Skip the pictures, please, and write out exactly every line from the one containing "Hot Sale mini" through the end of the listing below.

### DATASET SECTION
=== Section Start ===

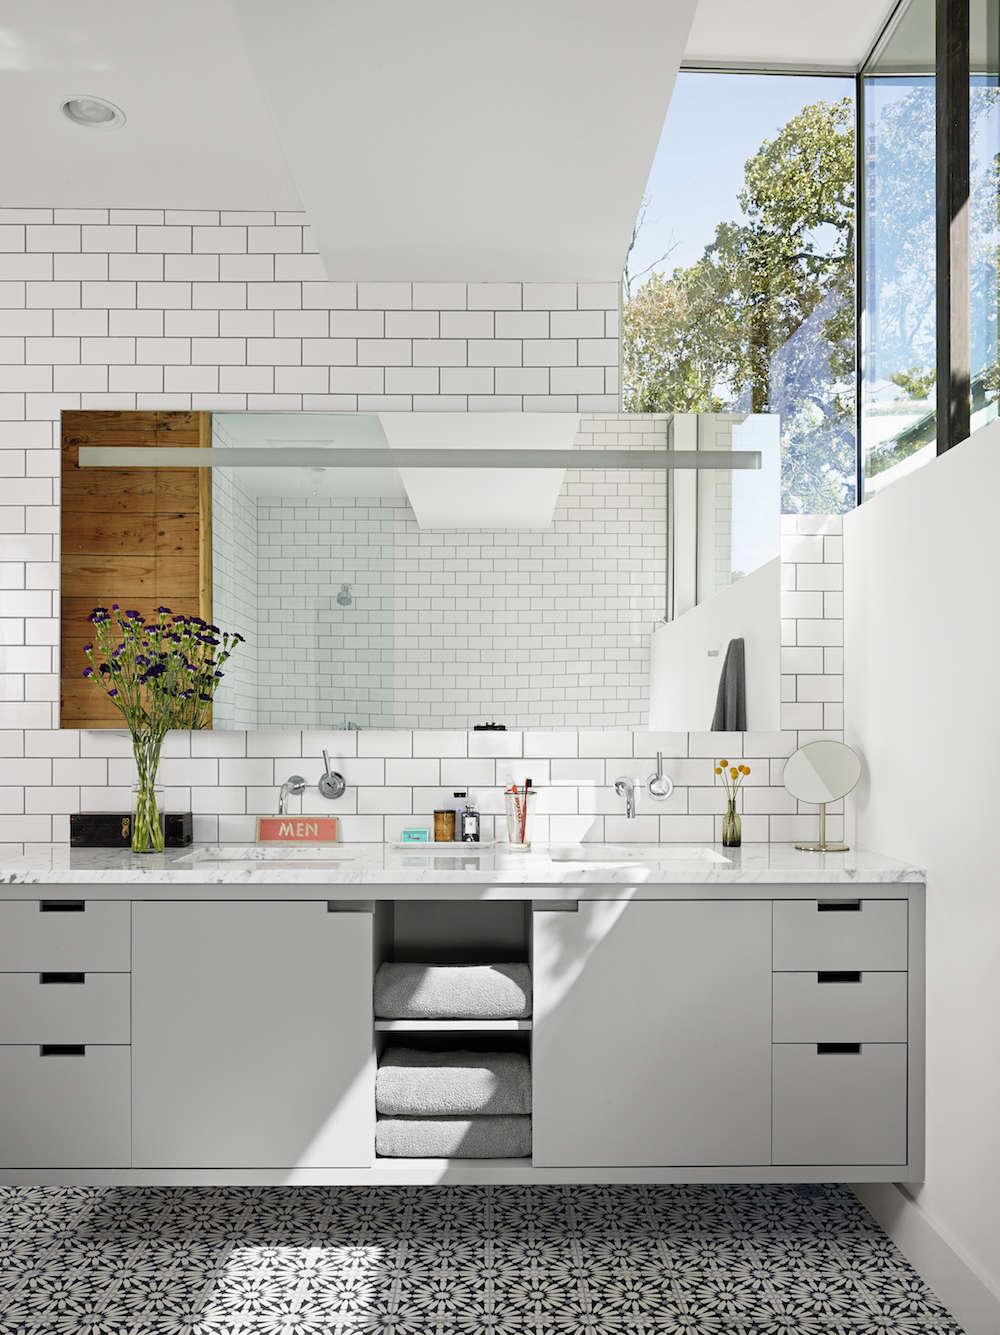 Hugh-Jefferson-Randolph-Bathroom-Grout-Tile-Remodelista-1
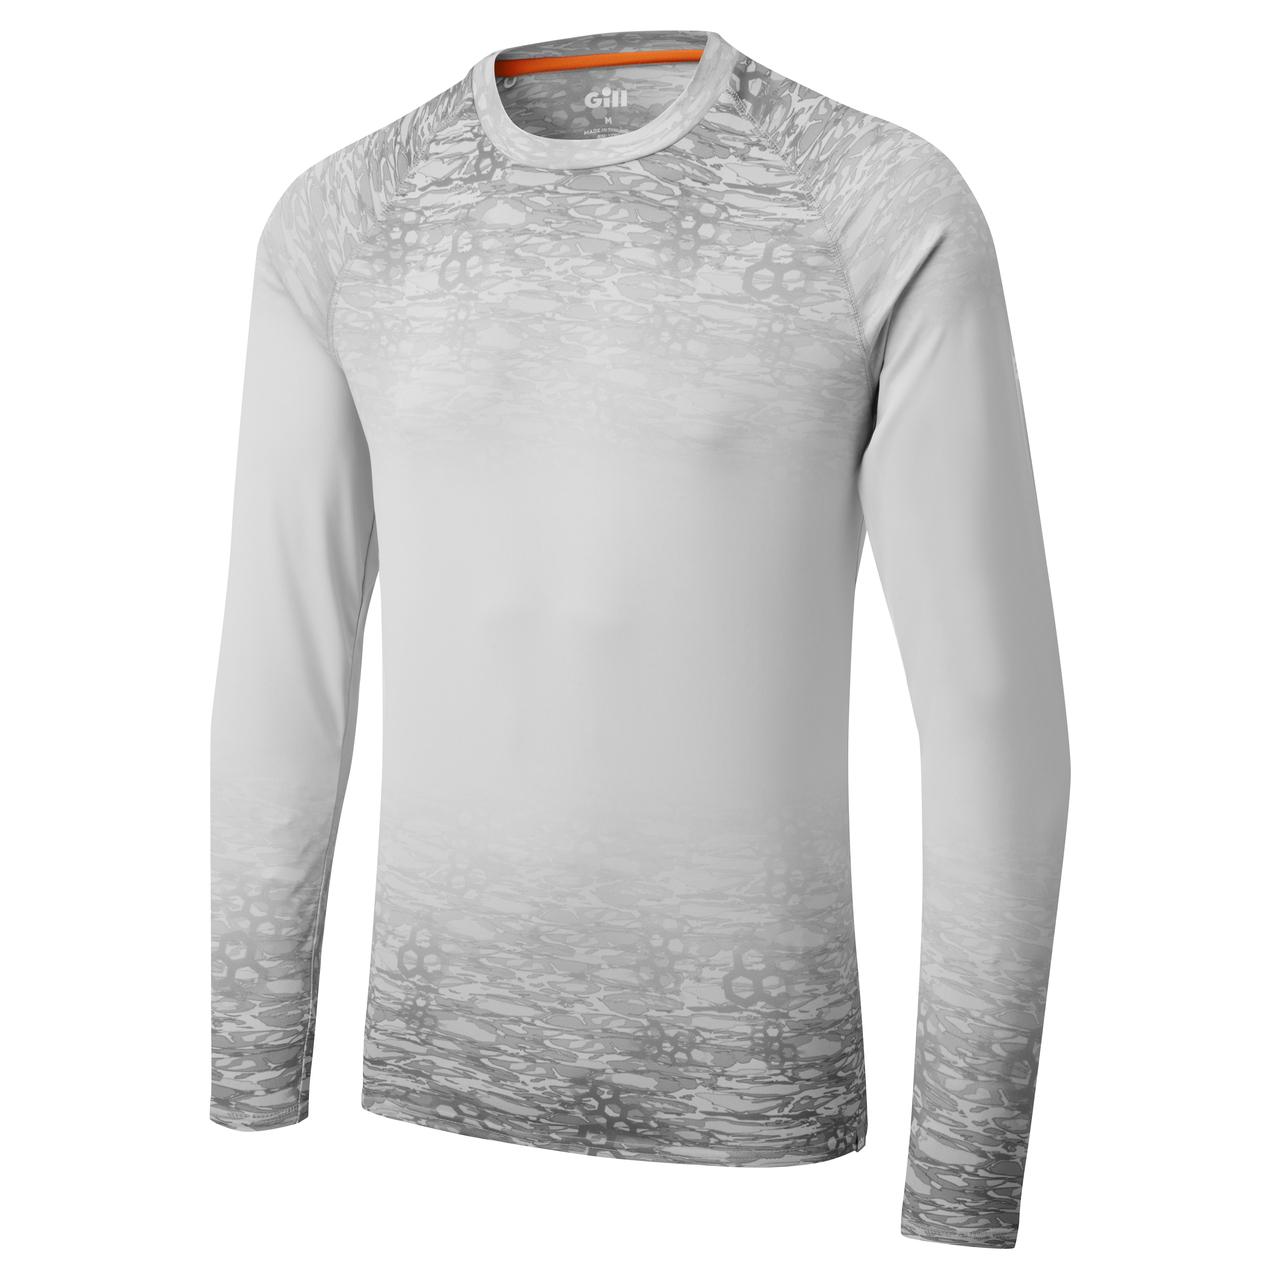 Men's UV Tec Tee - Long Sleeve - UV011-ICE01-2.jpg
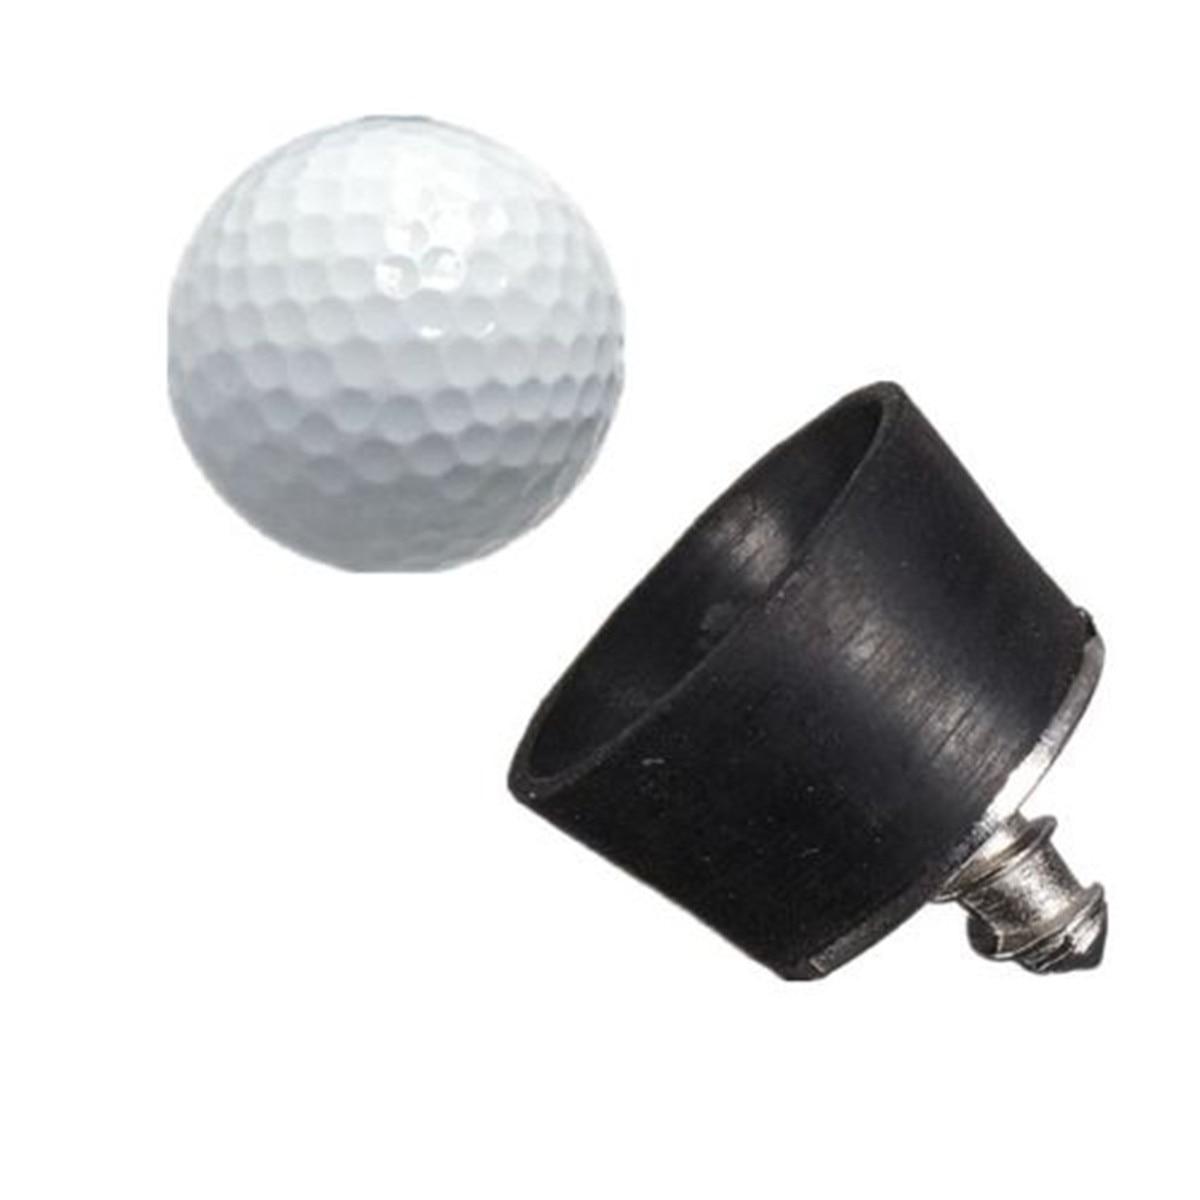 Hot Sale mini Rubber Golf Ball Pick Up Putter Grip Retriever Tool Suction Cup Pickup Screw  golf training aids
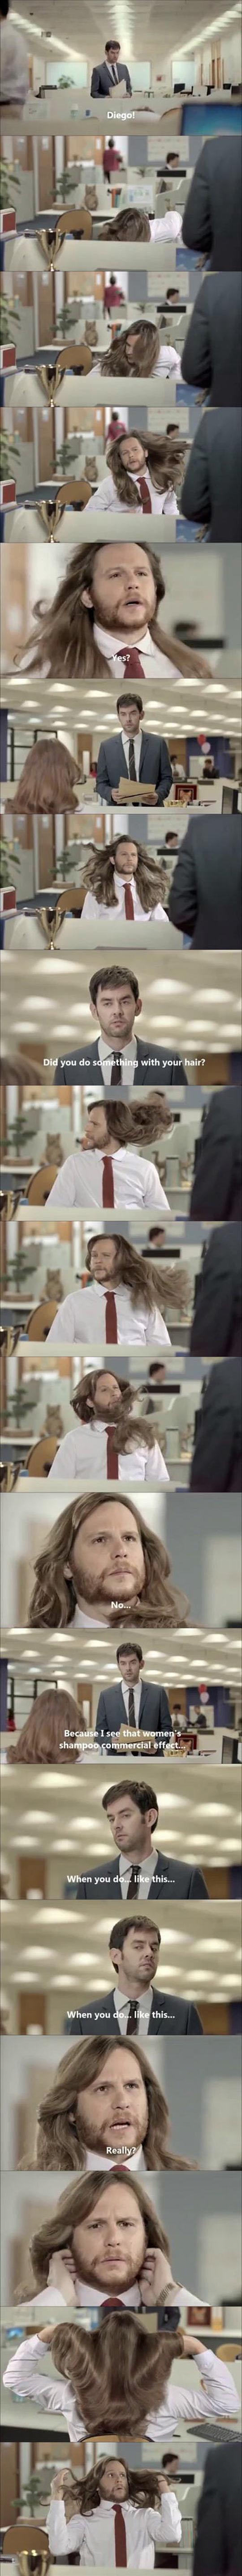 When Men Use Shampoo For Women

=== Section End ===

### FINISHED TASK
 Hot Sale mini Rubber Golf Ball Pick Up Putter Grip Retriever Tool Suction Cup Pickup Screw  golf training aids
 When Men Use Shampoo For Women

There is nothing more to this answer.